Exercise goal:
Your answer must be a word-for-word copy of the listing below, minus its pictures.

*** Dataset content ***

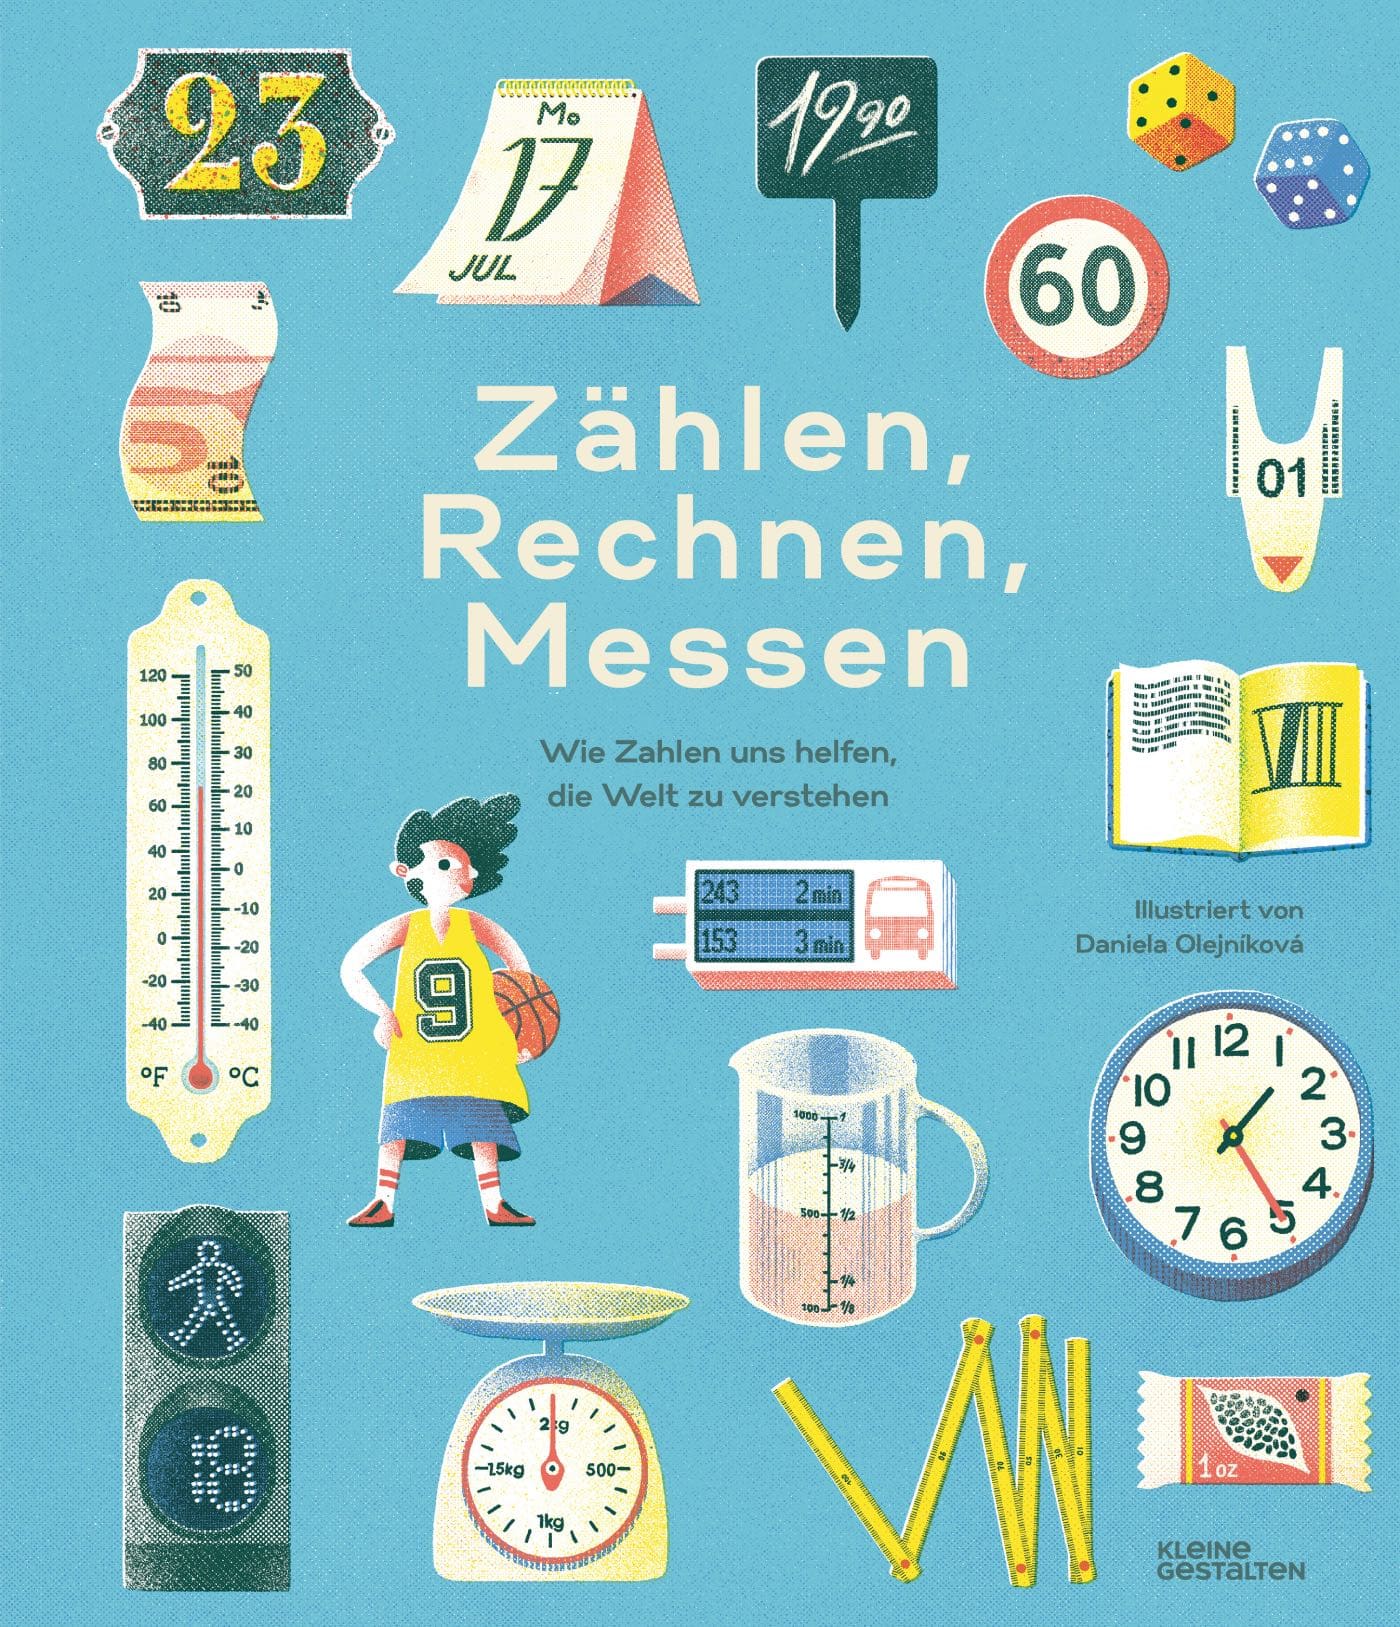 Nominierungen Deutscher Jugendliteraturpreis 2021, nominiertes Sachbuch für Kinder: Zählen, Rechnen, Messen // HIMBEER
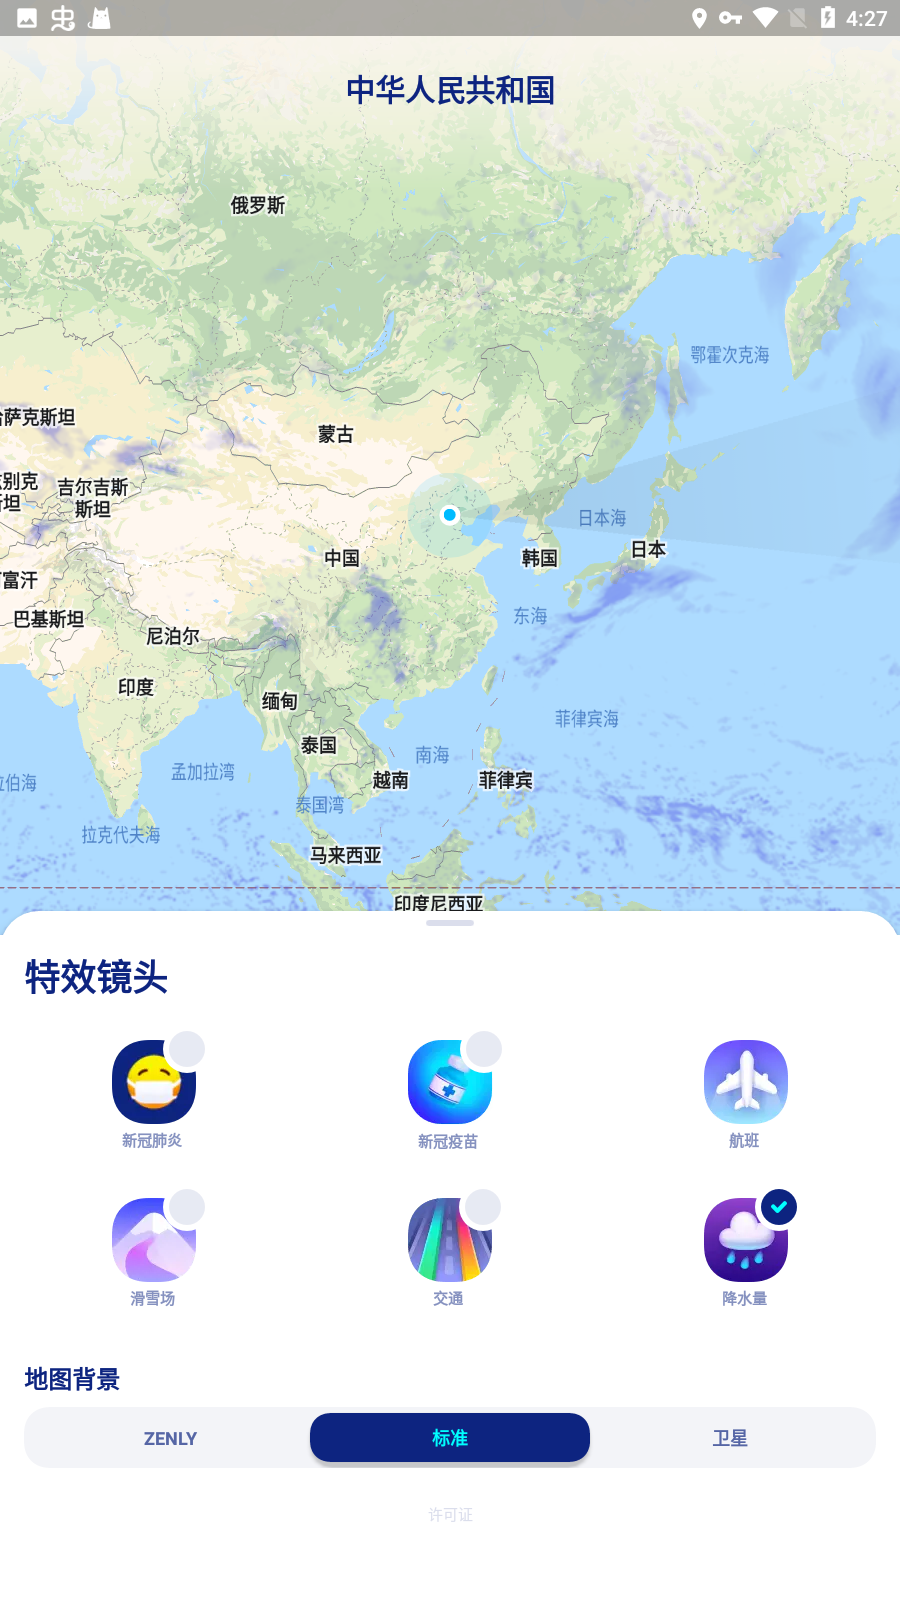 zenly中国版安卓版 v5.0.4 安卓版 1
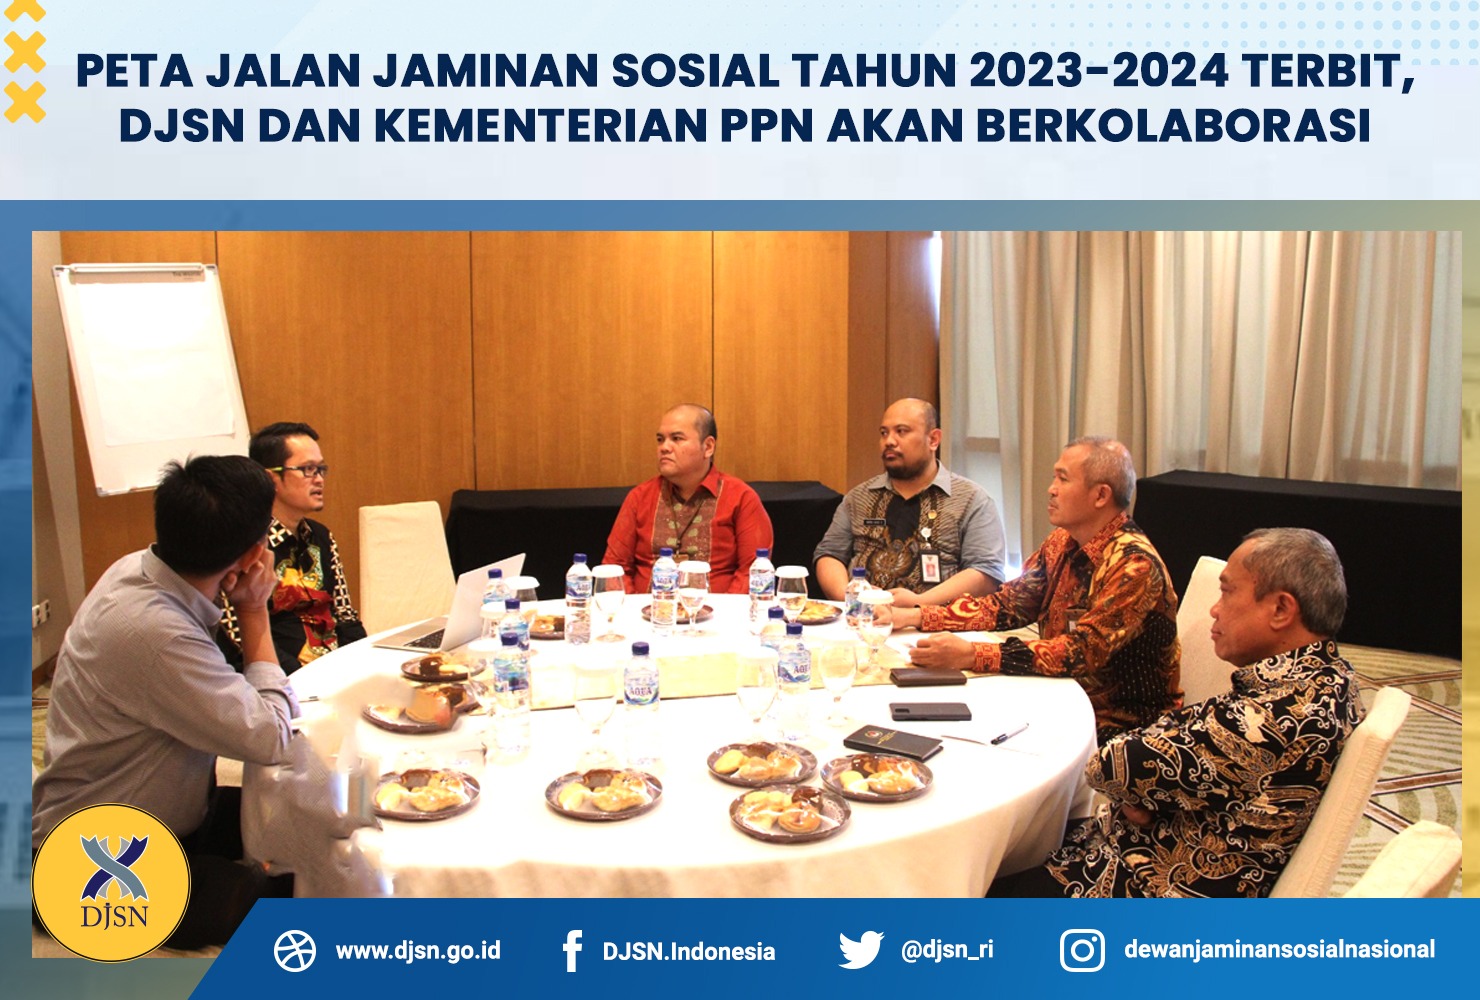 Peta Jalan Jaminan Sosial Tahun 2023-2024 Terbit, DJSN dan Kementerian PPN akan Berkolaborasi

*** End of Dataset content ***

Finished exercise:
 Nominierungen Deutscher Jugendliteraturpreis 2021, nominiertes Sachbuch für Kinder: Zählen, Rechnen, Messen // HIMBEER
 zenly中国版安卓版 v5.0.4 安卓版 1
 Peta Jalan Jaminan Sosial Tahun 2023-2024 Terbit, DJSN dan Kementerian PPN akan Berkolaborasi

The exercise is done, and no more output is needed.